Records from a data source

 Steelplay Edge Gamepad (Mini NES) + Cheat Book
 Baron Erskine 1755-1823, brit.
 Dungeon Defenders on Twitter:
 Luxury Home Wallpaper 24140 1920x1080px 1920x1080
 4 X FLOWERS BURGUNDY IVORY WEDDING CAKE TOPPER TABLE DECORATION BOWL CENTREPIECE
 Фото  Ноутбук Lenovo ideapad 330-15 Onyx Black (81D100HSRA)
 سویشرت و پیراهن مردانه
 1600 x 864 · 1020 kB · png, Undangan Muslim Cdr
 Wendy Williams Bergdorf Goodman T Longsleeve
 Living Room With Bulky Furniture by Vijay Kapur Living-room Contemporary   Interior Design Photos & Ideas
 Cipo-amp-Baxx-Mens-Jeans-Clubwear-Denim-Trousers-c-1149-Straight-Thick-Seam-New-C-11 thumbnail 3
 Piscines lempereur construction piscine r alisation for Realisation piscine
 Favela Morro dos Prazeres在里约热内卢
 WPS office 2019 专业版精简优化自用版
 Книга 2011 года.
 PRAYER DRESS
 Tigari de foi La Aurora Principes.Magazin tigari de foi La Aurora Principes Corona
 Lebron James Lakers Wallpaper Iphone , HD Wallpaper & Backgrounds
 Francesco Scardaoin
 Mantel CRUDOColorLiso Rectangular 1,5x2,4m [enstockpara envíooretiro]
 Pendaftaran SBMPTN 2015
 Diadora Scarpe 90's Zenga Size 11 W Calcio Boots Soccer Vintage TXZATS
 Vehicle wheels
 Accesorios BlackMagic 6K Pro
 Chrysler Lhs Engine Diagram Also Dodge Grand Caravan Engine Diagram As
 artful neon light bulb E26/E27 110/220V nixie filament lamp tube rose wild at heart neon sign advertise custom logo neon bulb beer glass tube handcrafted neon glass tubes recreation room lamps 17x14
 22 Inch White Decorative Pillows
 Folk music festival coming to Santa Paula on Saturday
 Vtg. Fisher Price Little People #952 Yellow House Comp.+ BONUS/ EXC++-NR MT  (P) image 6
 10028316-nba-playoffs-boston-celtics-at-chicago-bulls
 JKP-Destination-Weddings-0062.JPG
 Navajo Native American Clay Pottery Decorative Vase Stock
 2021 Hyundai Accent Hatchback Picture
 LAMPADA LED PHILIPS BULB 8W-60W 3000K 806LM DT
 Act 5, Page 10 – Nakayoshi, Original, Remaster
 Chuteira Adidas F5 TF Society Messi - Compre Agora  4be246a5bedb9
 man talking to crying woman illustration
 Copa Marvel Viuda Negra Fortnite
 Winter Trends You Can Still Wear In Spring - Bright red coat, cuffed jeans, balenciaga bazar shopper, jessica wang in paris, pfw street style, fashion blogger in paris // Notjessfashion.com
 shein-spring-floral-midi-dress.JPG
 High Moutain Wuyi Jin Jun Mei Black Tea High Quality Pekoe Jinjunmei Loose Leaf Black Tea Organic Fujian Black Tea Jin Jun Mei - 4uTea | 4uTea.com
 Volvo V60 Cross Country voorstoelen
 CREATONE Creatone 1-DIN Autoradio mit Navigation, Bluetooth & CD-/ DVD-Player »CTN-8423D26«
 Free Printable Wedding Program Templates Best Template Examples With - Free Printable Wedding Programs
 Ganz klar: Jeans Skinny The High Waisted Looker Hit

» WHAT YOU ARE ASKED TO DO:
Exact duplication is required for the lines above, from the line that contains "Pendaftaran SBMPTN 2015" to the line that contains "Chrysler Lhs Engine", inclusive; omit all others.

» EXPECTED OUTPUT:
 Pendaftaran SBMPTN 2015
 Diadora Scarpe 90's Zenga Size 11 W Calcio Boots Soccer Vintage TXZATS
 Vehicle wheels
 Accesorios BlackMagic 6K Pro
 Chrysler Lhs Engine Diagram Also Dodge Grand Caravan Engine Diagram As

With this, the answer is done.